Yoholo-Micco is said to have made a speech to the Alabama Legislature in the then-state capital of Tuscaloosa in 1836, before expulsion and removal of the Creeks, but while "Yoholo-Micco's actual words are unknown...the colonial writers of history have painted the Creek leader as one who accepted Indigenous removal with an air of romantic resignation, going so far as to contrive his final words to whitewash the genocide that had taken place over three-hundred-plus years. Yoholo-Micco's apocryphal address—which has been reproduced in Alabama history books and grade school curriculum for decades—reads, in part: 'I come here, brothers, to see the great house of Alabama and the men who make laws and say farewell in brotherly kindness before I go to the far west, where my people are now going. In time gone by I have thought that the white men wanted to bring burden and ache of heart among my people in driving them from their homes and yoking them with laws they do not understand. But I have now become satisfied that they are not unfriendly toward us, but that they wish us well.'"

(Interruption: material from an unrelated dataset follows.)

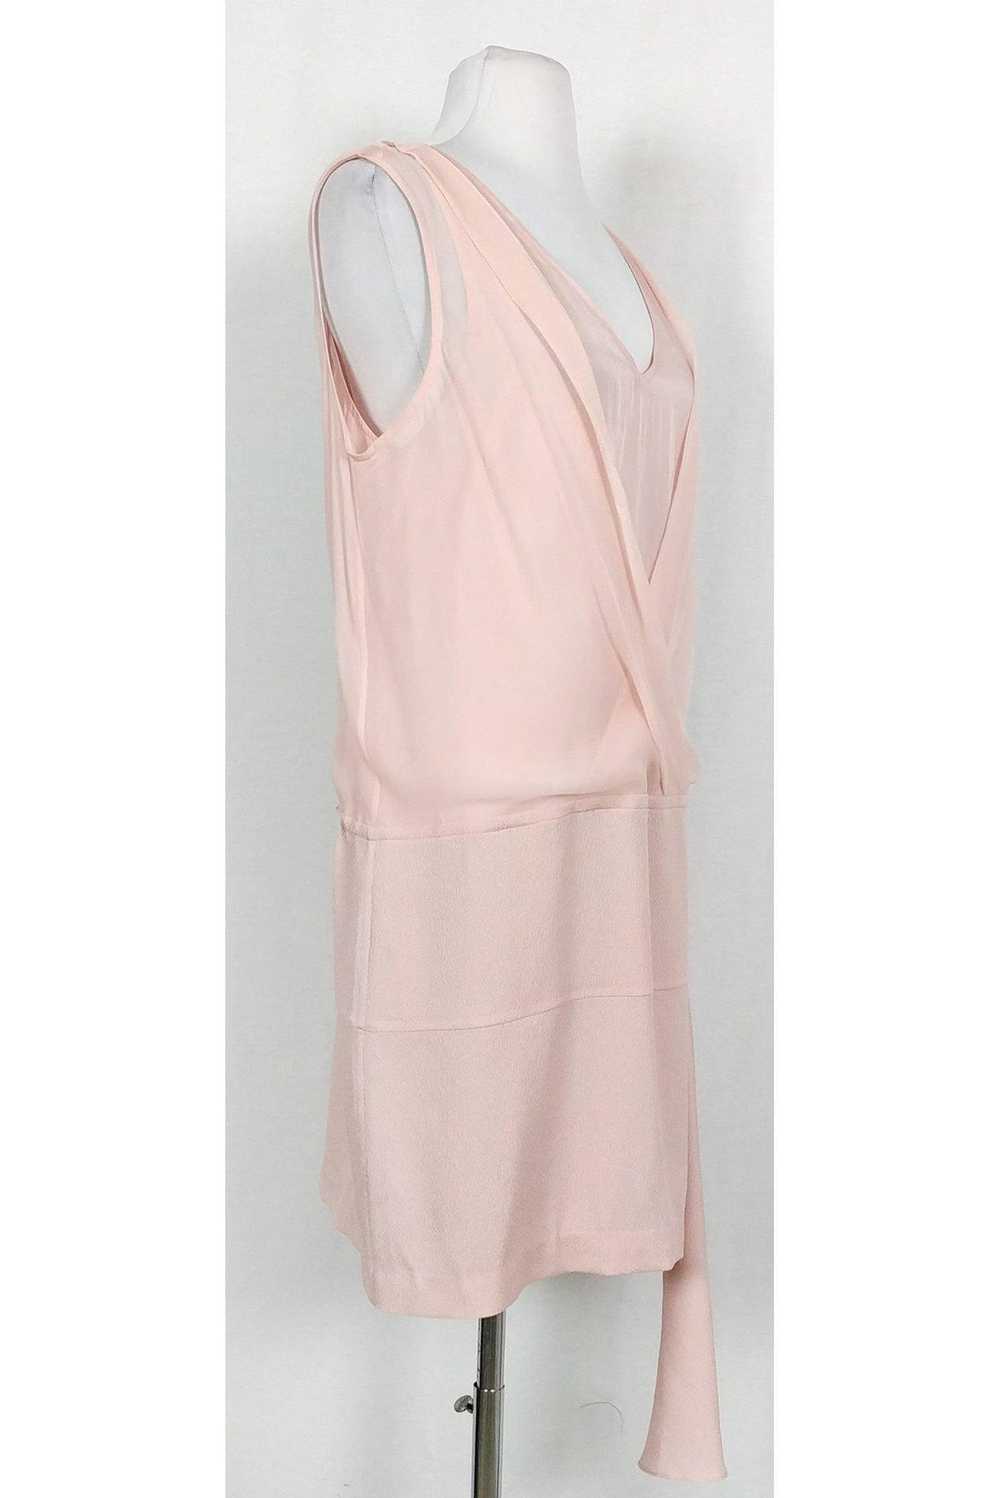 Tracy Reese - Pale Pink Drop Waist Dress Sz M - image 2

== Removal and later life ==
After the wars and the negotiations were over, wrote an Indian agent in 1838, he "consented to remove to Arkansas, and fell a victim to the fatigues attending the emigration, in his fiftieth year, while on his way to the land of promise." According to Alabama historian Thomas M. Owen, Yoholo-Micco died in 1838, which is the same year the Indian Tribes of America biography about him was published.

Yoholo-Micco probably migrated with the "Fifth Voluntary Emigrating Party," or "fifth detachment" of Muscogee, who traveled to the west in 1836. He was still alive in September 1836 when he was mentioned in a letter to Thomas S. Jesup. The Muscogee who survived expulsion, having crossed through what is now the U.S. state of Arkansas, arrived at Fort Gibson in the Indian Territory between November 1836 and January 1837.

== Family ==
He was a nephew of Ote Emathla (Jumper), "a former Red Stick who escaped to Florida in 1814 and had become an important Seminole headman" and thus a cousin of John Jumper. He had sons and a daughter called Lotti Yoholo, who "married a chief of the Eufalo town, and, following the example of her father, gave her children liberal educations." His son Mistippee
is plate 4 in the folio 9 of History of the Indian Tribes of North America, immediately following the profile and portrait of his father.